KR20050071751A - A method for isolating a nucleic acid by using a carbon nanotube - Google Patents

Abstract

The present invention comprises the steps of contacting the carbon nanotubes with a mixture of a sample containing a nucleic acid and a salt solution; Washing the nucleic acid carbon nanotube complex using a washing buffer; And it provides a method for purifying nucleic acids using carbon nanotubes, comprising the step of eluting the nucleic acid from the nucleic acid carbon nanotube complex.

Description

A method for isolating a nucleic acid by using a carbon nanotube}

The present invention relates to a method for purifying nucleic acids using carbon nanotubes.

There has been known a method for purifying nucleic acids using solid materials. For example, US Pat. No. 5,234,809 discloses a method for purifying nucleic acids using solid materials to which nucleic acids bind. Specifically, the method comprises mixing a starting material comprising a nucleic acid, a chaotropic material, and a nucleic acid binding solid material, and separating the solid material having the bound nucleic acid from a liquid. And washing the solid nucleic acid complex.

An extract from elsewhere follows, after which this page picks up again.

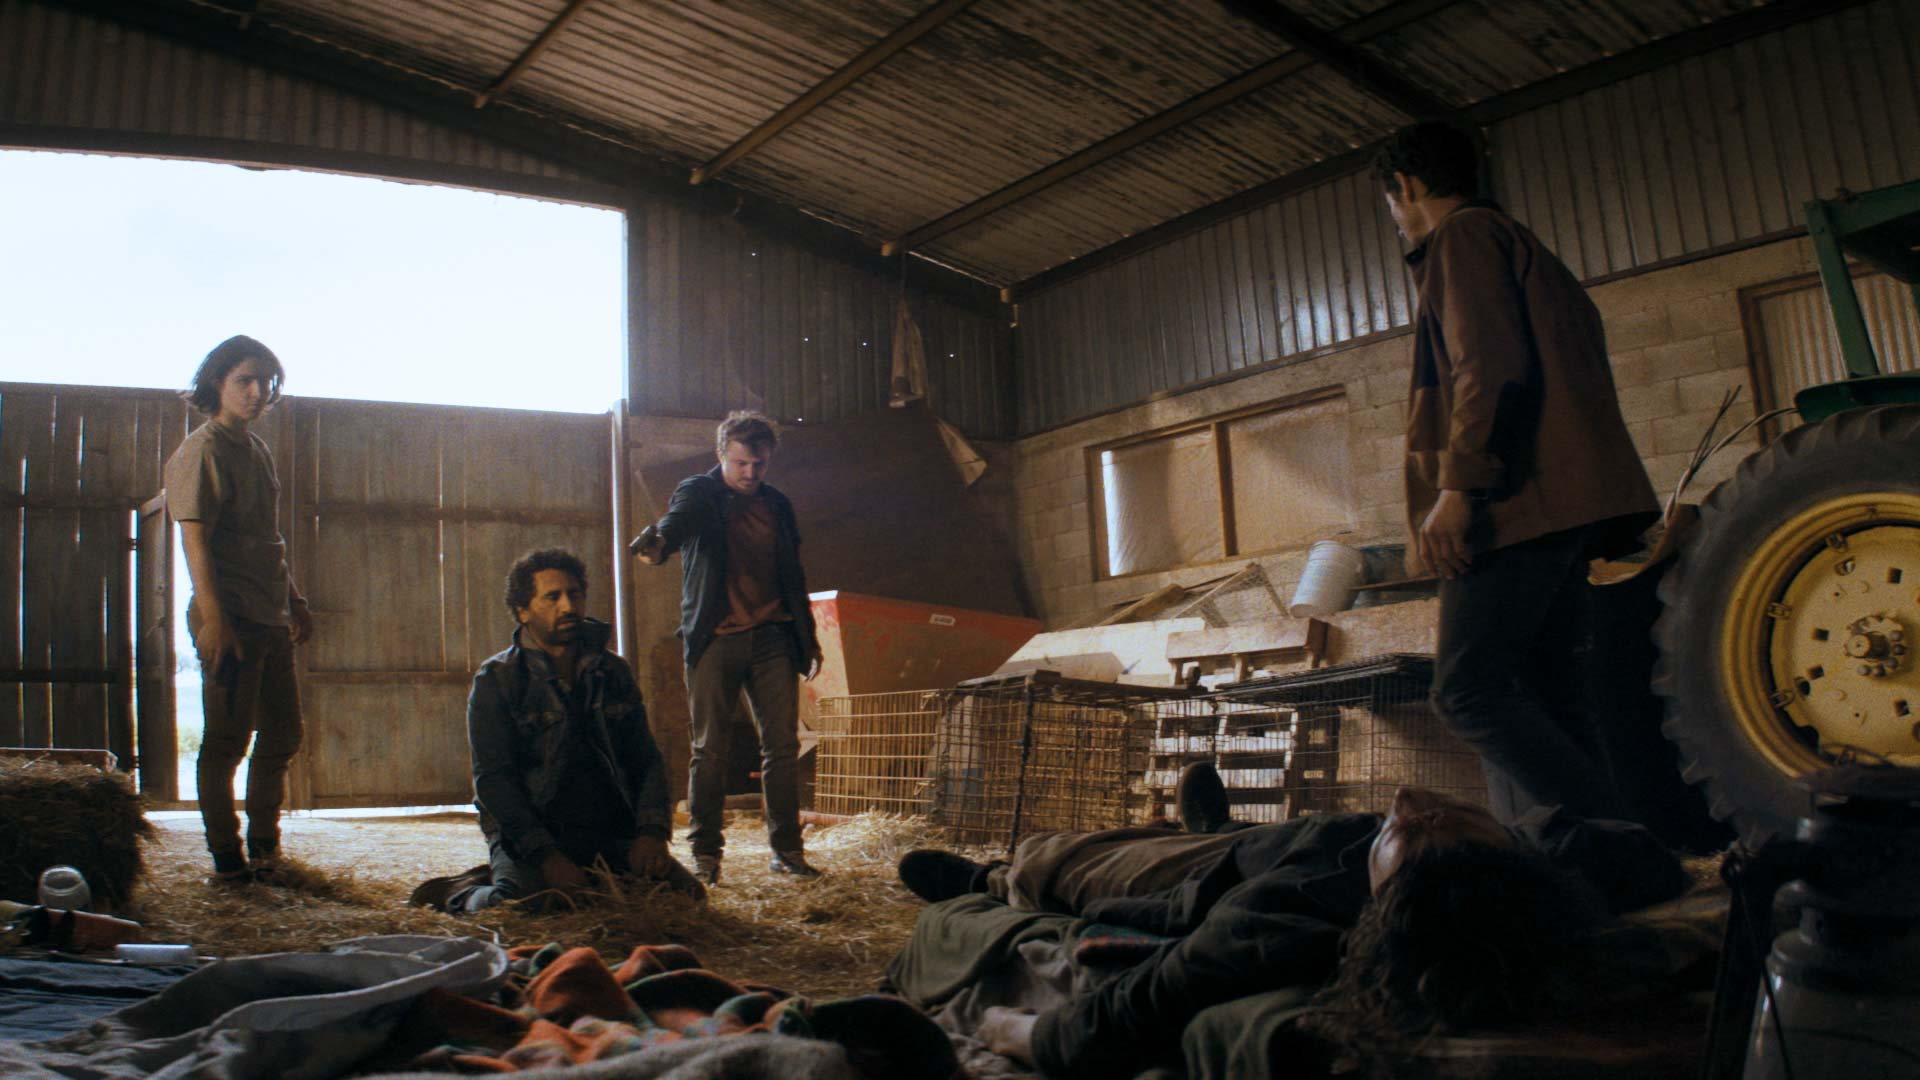 (SPOILERS) Talked About Scene from Fear the Walking Dead Episode 213

The chaotropic material includes, for example, guanidinium salts, sodium iodide, sodium thiocyanate, urea and the like. Solid materials include silica particles.

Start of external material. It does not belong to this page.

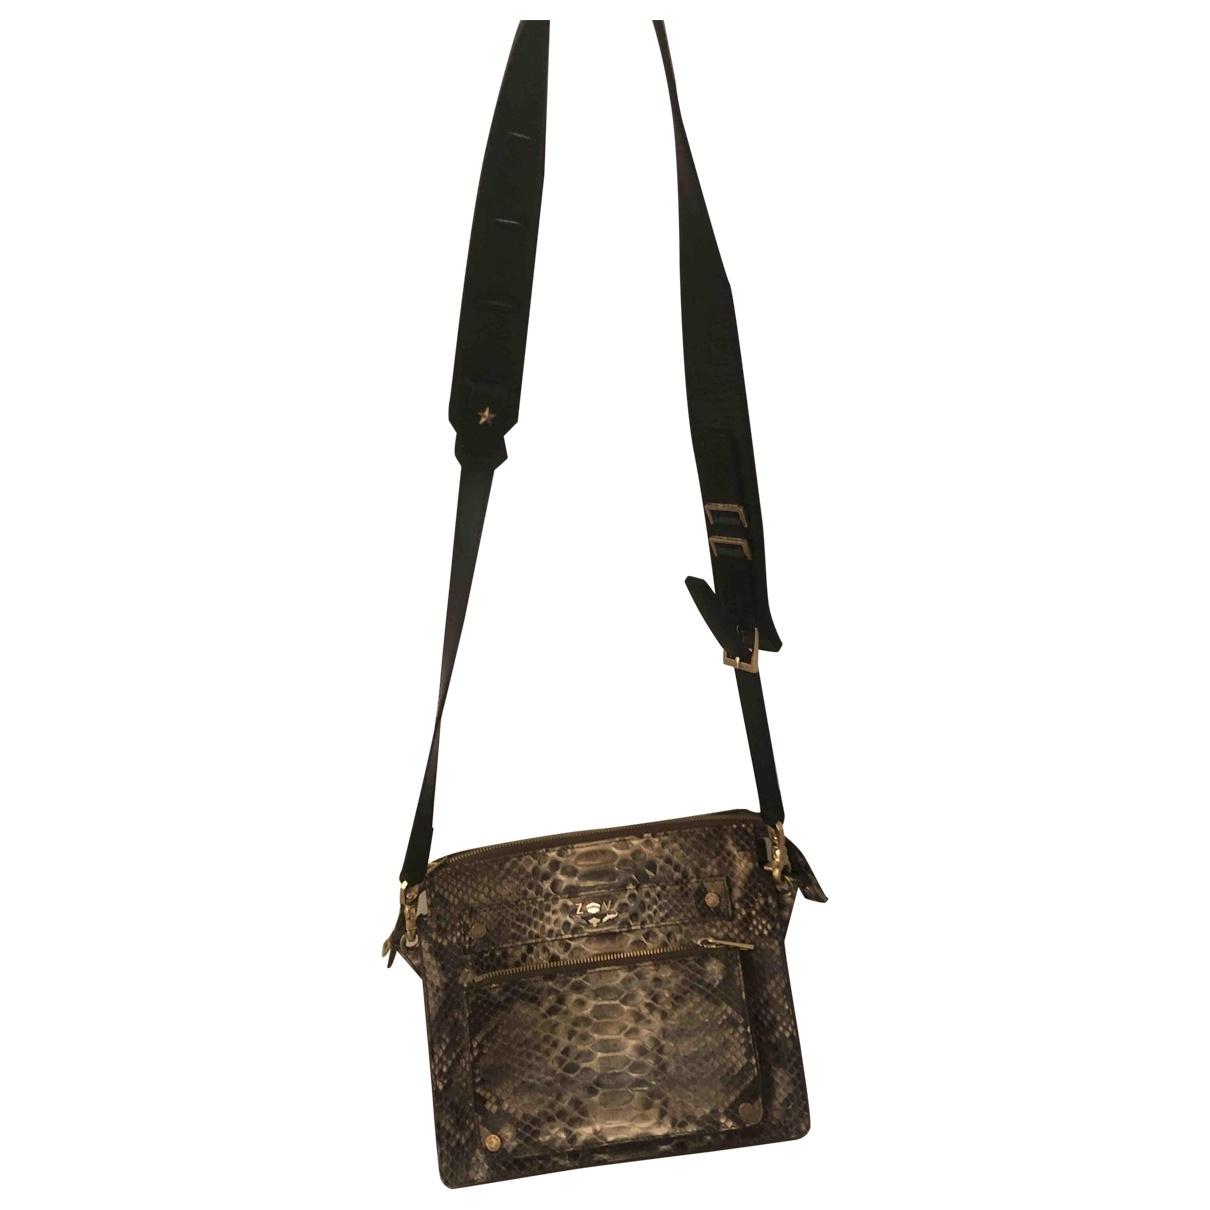 Zadig & Voltaire \N Multicolour Leather handbag for Women \N

However, the above method has a problem that a chaotropic material must be used. In other words, when the chaotropic material is not used, the nucleic acid does not bind to the solid material. In addition, since the chaotropic material is harmful to the human body, it should be handled with care, and since it acts as an interfering substance in subsequent processes such as PCR, it should be removed from the purified nucleic acid during the purification process or after the purification is completed.

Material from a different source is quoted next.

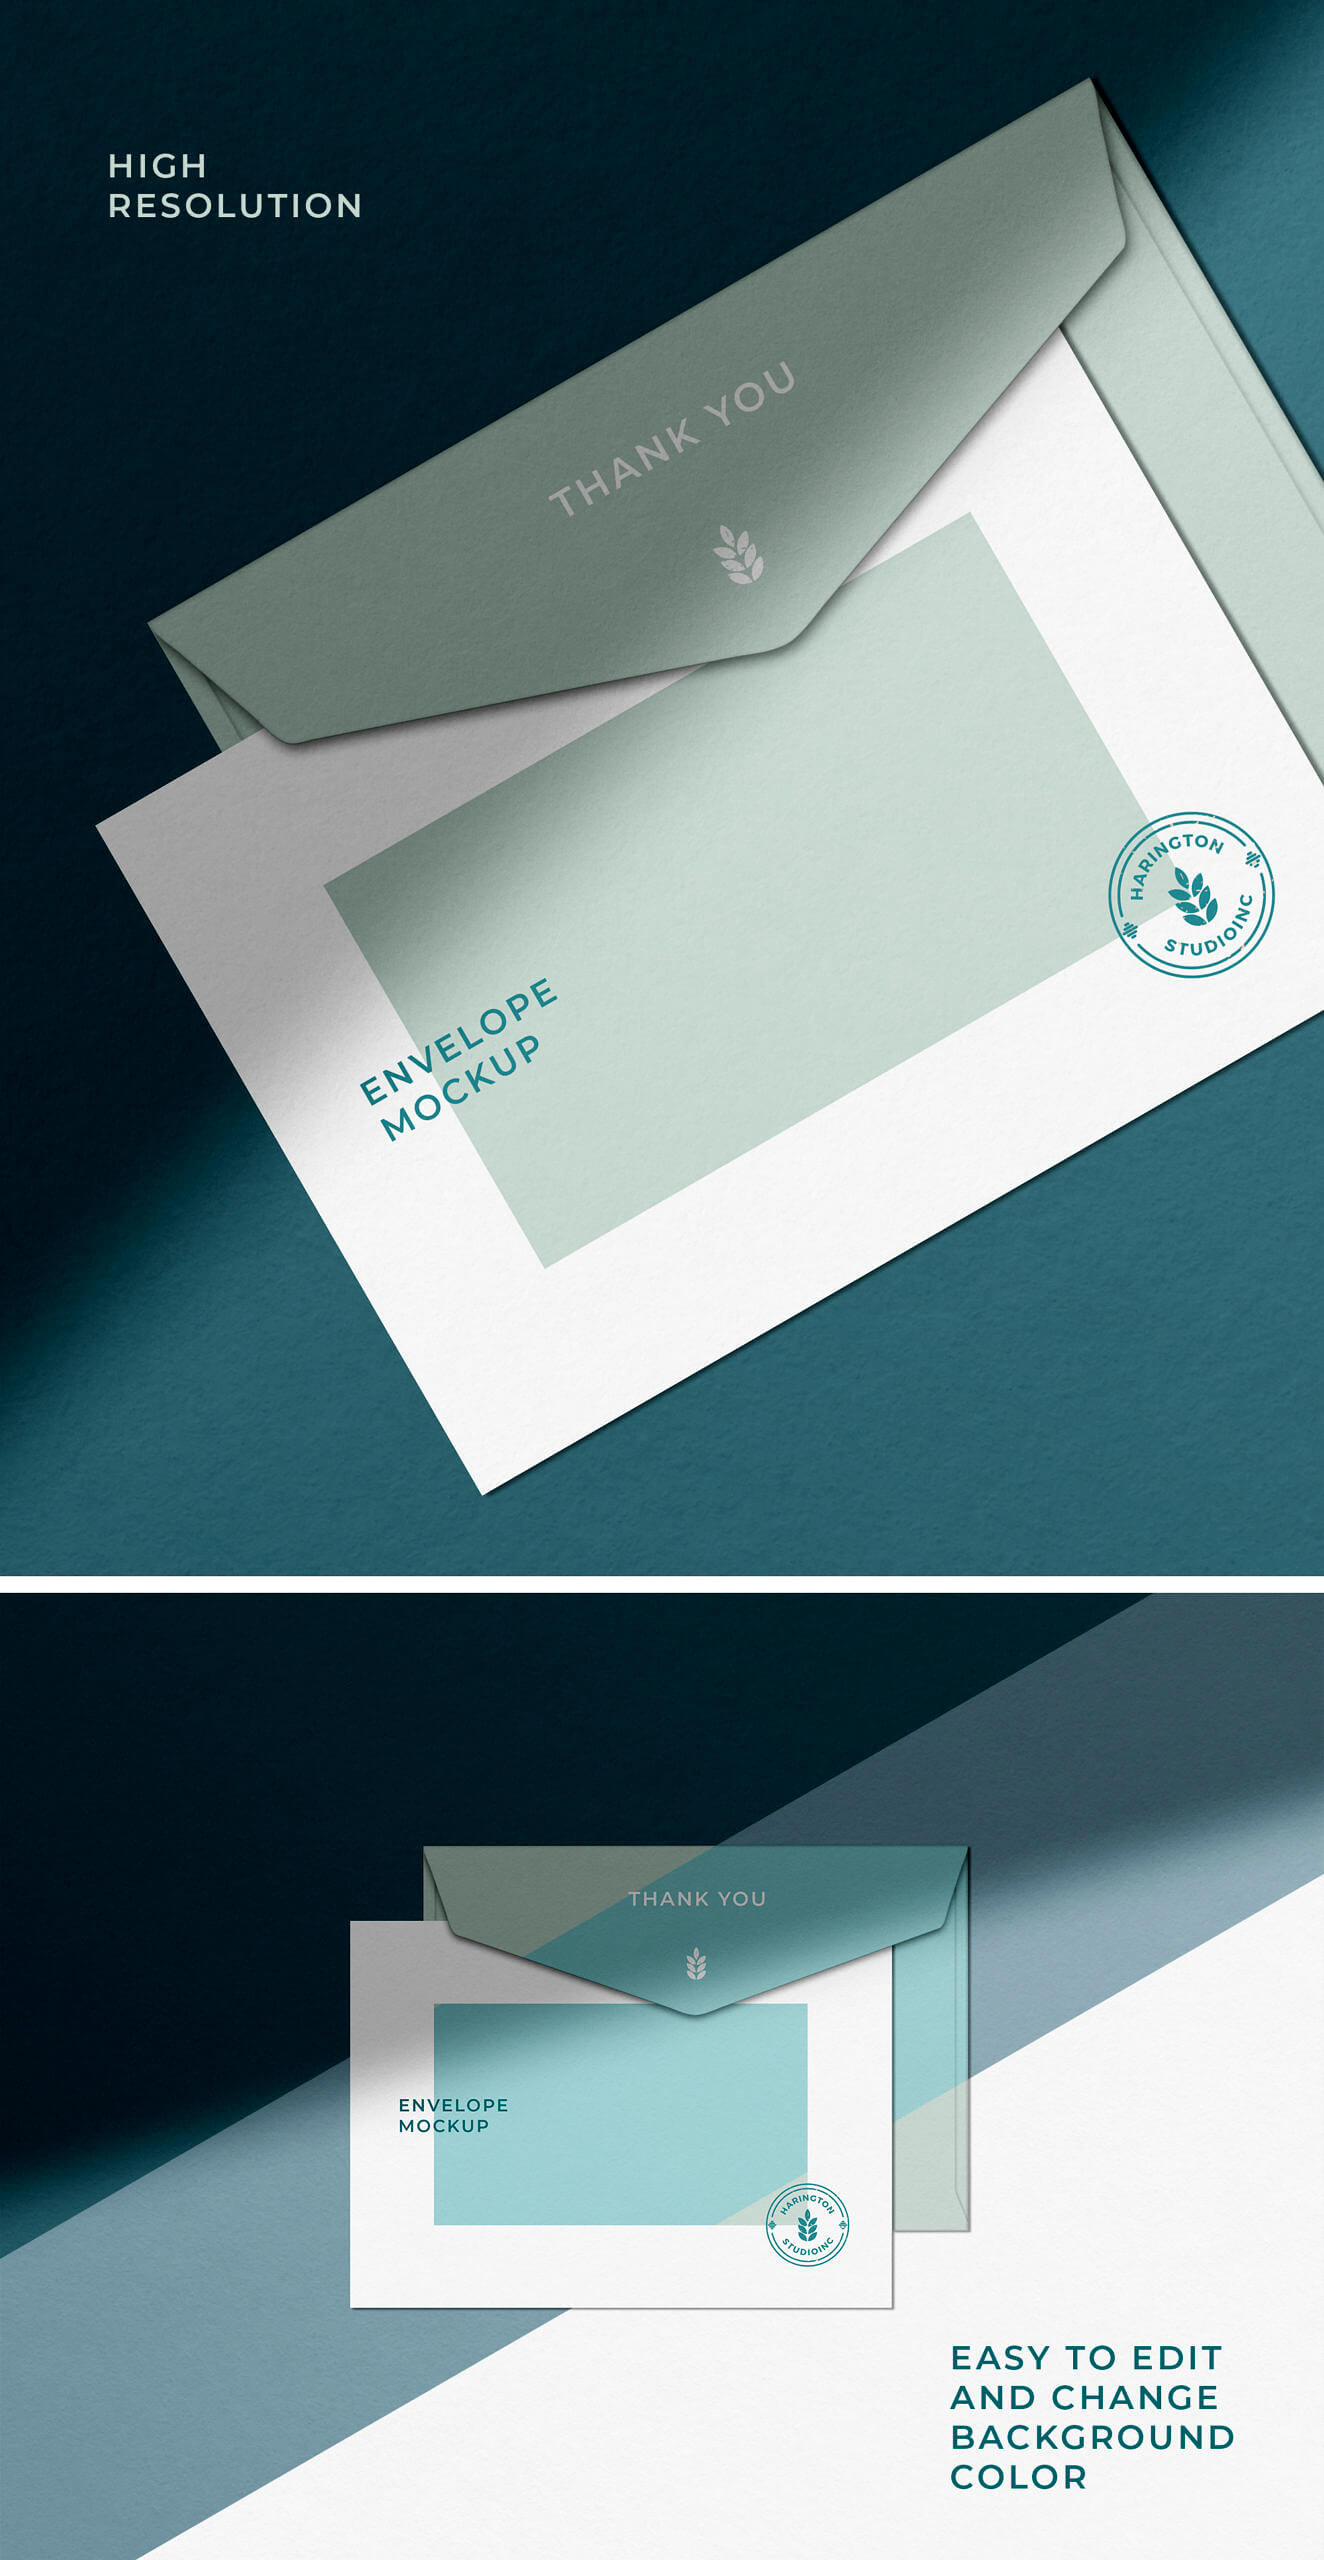 Free Shadow Overlaid Envelope Mockup Vol-02 PSD Template1

In addition, US Pat. No. 6,291,166 discloses a method for archiving nucleic acids using solid matrix. Specifically, the method comprises the steps of: a) irreversibly binding a single or multiple stranded nucleic acid contained in an aqueous specimen to a solid matrix, wherein the solid matrix is an electropositive material. A specific binding substance characterized by being hydrophilic; b) manipulating the solid phase binding nucleic acid; And c) storing the bound nucleic acid in the solid phase matrix. The solid matrix may be silicon (Si), boron (B), and aluminum (Al). The process of changing the positively charged material to hydrophilic can be accomplished by using a basic solution such as NaOH. Manipulating b) in the method comprises enzymatic reactions, hybridization, signal amplification and target amplification using nucleic acids irreversibly bound to the solid phase matrix, wherein the target amplification includes PCR, SDA. NASBA, IsoCR, CRCA, Q beta replicates and branched DNA methods can be used. Since the nucleic acid binds irreversibly to the solid matrix, the nucleic acid solid matrix complex may be stored and then analyzed later or repeated. However, according to this method, a positively charged material such as aluminum must be hydrophilized with a basic material such as NaOH, and the nucleic acid cannot be separated from aluminum because it irreversibly binds to this hydrophilized aluminum. .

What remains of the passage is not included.